A thorny issue, which I know about only too well from my shifts on the roads, is the time it takes for drivers to get loaded or tipped and sometimes it shows how poorly organised the industry is.
It used to stress me out, sitting around waiting to get loaded or unloaded, now I’m more calm – I take my laptop out and simply use the time to write up any work I have outstanding.
In fact, I’ve noticed a trend. Sort of! The days I forget to take the laptop with me, are the days I’m messed about. The days I take it, then it’s a sure-fire sign the trailer will be rocking straight away as the pallets go on in double quick time.
My real beef is booking in slots. For typical RDCs, where trucks arrived, the forklift (or pallet trucks) gets to work, then booking in slots are pretty much, without fail, wholly unnecessary.

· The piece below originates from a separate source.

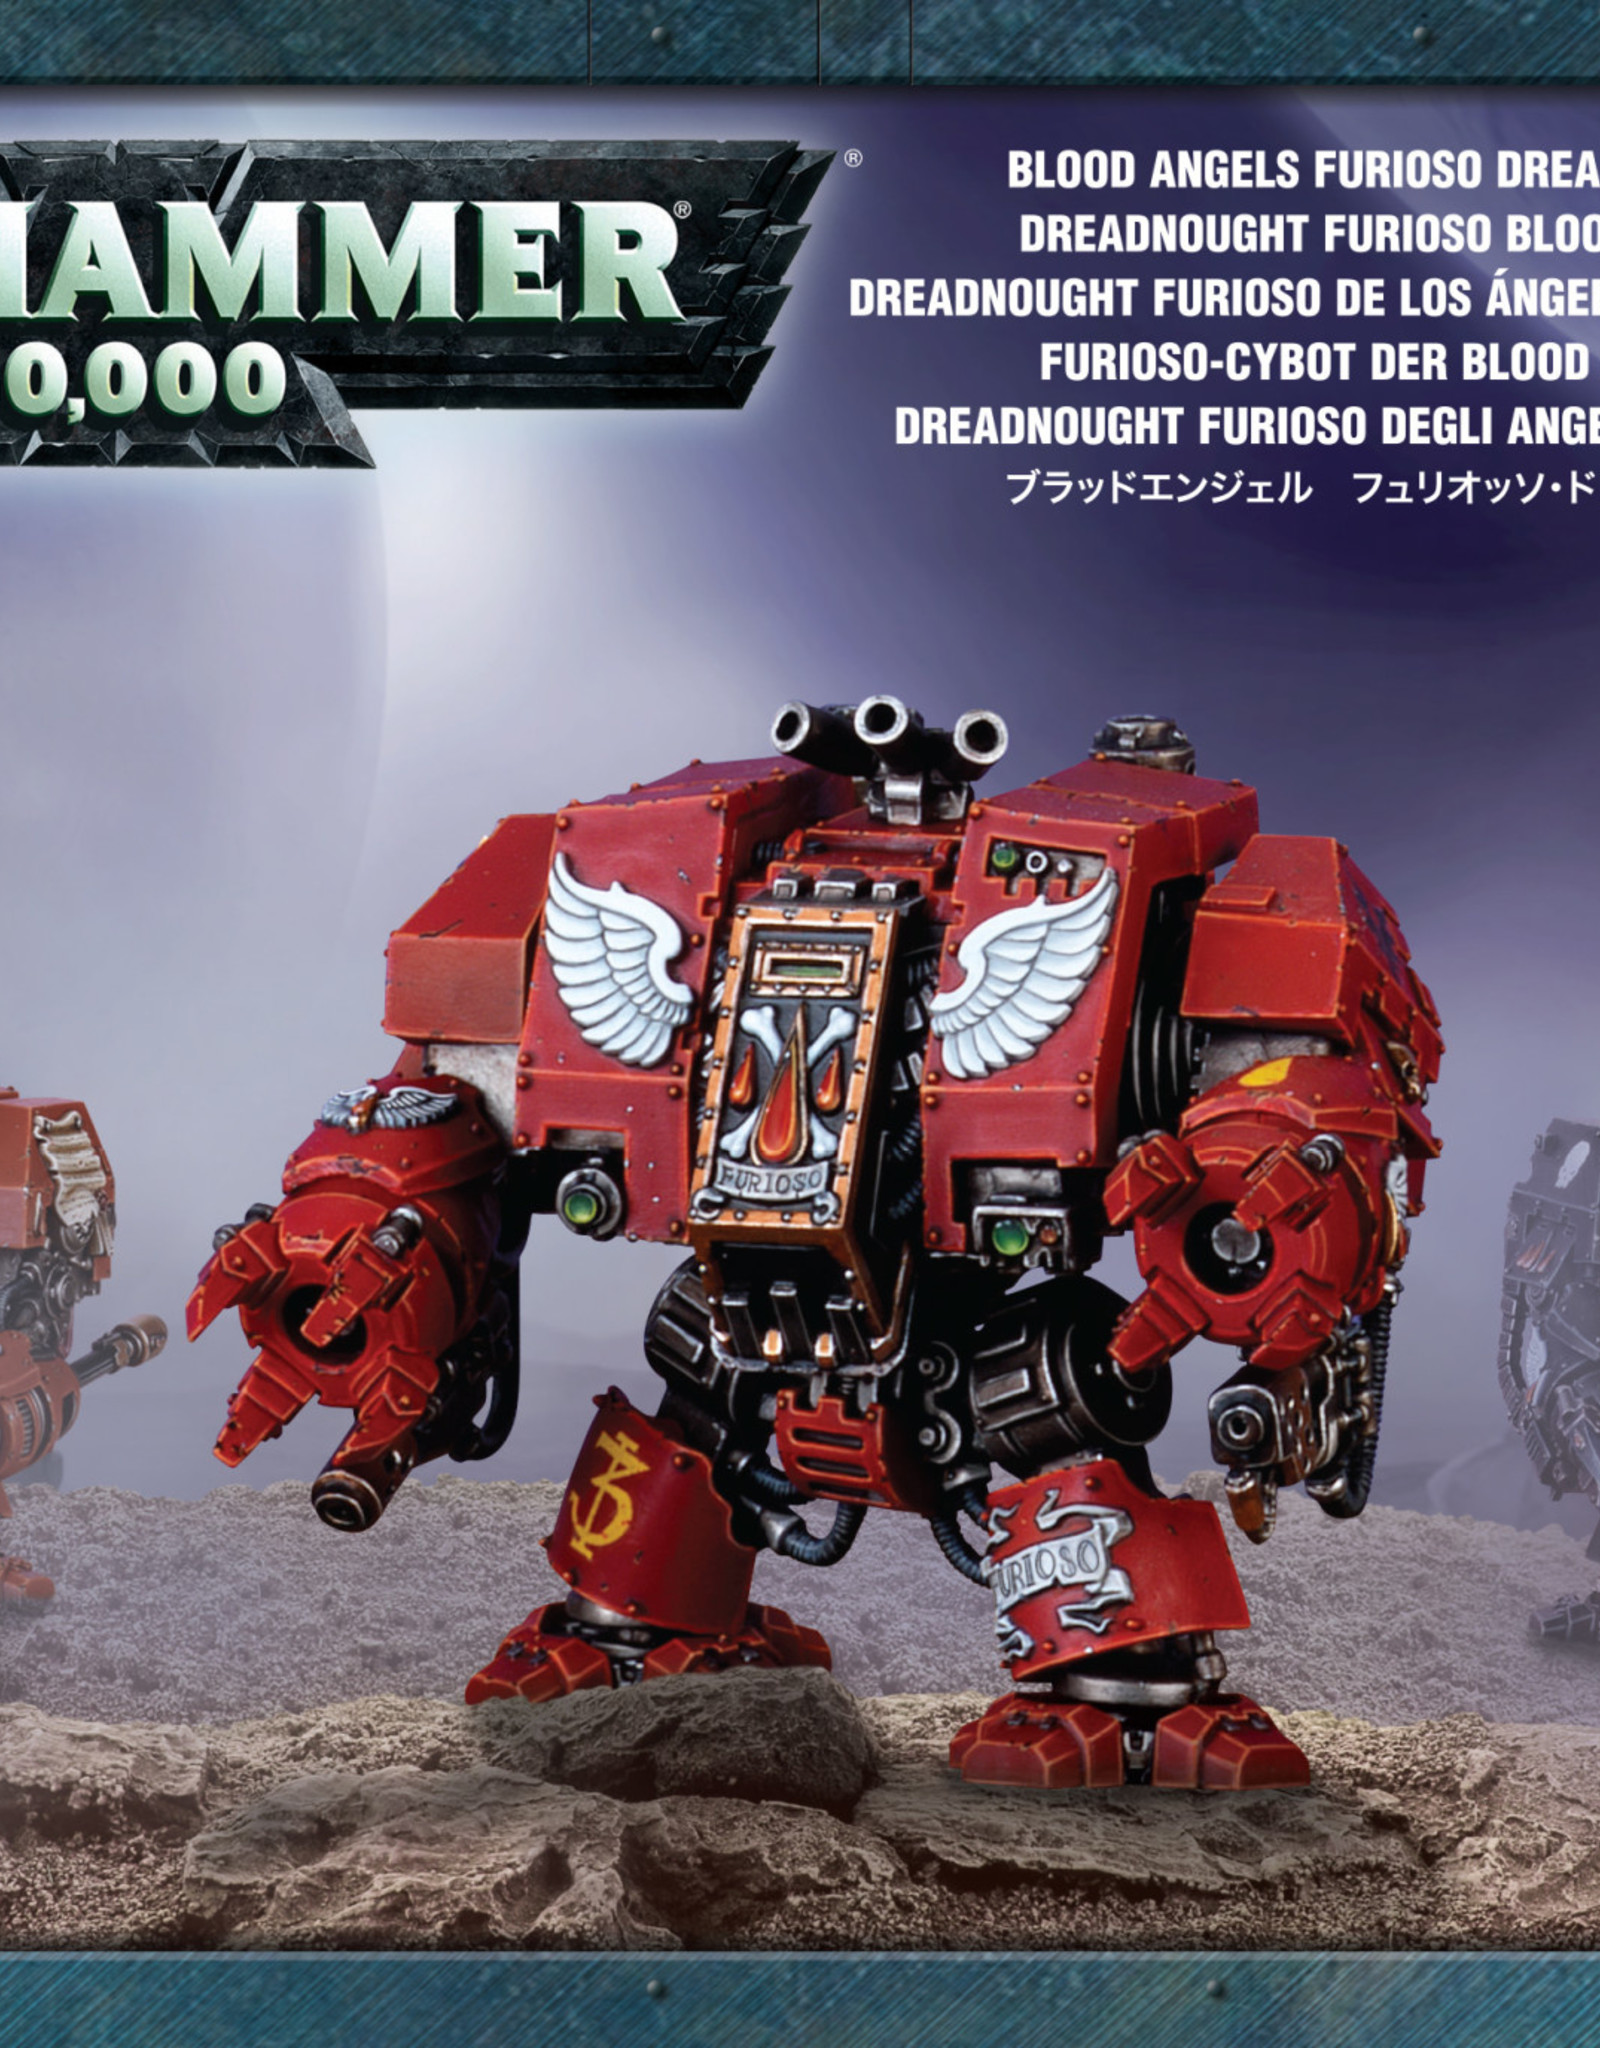 Warhammer 40K Blood Angels Furioso Dreadnought

But I have two real issues with booked times for you to be unloaded. Firstly, they only suit the customer, who can make them up – seemingly at random – but then rarely adhere to them. I remember once taking a full load of spuds to a Morrisons RDC one Sunday morning. I had an 08:00 slot, so I had to be there for then. That meant a damn early start, and guess what? Yes, you guessed it, I got there in good time and was unloaded… at 09:30. A waste of over 90 minutes of my time sat around waiting to be tipped – when they couldn’t be bothered to keep to their side of the deal!
And there’s nothing you can do in that time that isn’t sitting in your cab. Yes, you can reads, or play games or – like I now do – catch up on stuff now that laptops are a thing.
But you can’t, say, go for a walk. Get some exercise, some (possibly) fresh air and a chance to get out of the cab. You have to be with your truck because you just don’t have any idea whatsoever as to when they might be bothered to unload you. If you can get on a bay straight away, that sometimes might redress that, but often you are left in a queue, frequently outside the RDC, just festering.
Then there is the other issue. Trucks don’t run to timetables. And on midweek days, especially, you have a book-in slot at, say 0900, and it should take you two hours to get there, there is no way of knowing how long it will actually take. There will be congestion on the roads, and no one can predict that. You may get held up in a road traffic incident, or suffer a diversion. A diversion that may not be overly truck-friendly.
You may not have been to the delivery point before and could get lost in trying to get there. The other day I went to a place I’d never been to and it was only when I was stone’s throw away from it, I realised I was faced with a 7.5 tonne restriction. So I had to detour. That, was, perhaps, my fault, for not doing enough research, aided by the fact the map given to me was bloody poor.
Either way, how much ‘recovery time’ do you factor in? How long’s a piece of string?
And then some places have the audacity to refuse the load or insist you book in again – and the next ‘slot’ might be hours away. All because they can simply work on a first-come, first-served basis?
And don’t get me started on places which block off bays for, seemingly few good reasons. Recently I went to a Supermarket’s RDC and out of 26 bays, just four were being used. There was a queue of 12 trucks, causing congestion and frustrating drivers. This was a nightmare. Luckily, a manager did come out and get four or five empty trailers removed off bays to allow them to be used for unloads. That sped things up a little, but I was still there for three hours and the tip actually only took 25 minutes! Such a waste of my time.
But I feel the industry wastes just too much of drivers’ time. Regularly I have arrived to collect a trailer at 10:00, and they are still loading it. Two hours later and I finally get on the road. Other times, customers who have booked a trailer for, say, 17:00, get that trailer at 17:00. Then the load isn’t ready, or is still being prepared, or often, still being picked out of the ground. You end up getting loaded at 20:00!
The other week I stopped to snap a nice Scania low loader, and got chatting to the driver who told me he’d turned up to load a digger, and it wasn’t ready to be collected, so they sent him away! I trust he got paid, but what a waste of his time, effort, and diesel!
In these days of apps, e-mails, mobile phones and other information technology, it has to be easier to communicate with hauliers and drivers to save their time. Sadly, I can’t see it happening, because, well, that would be just too simple and helpful!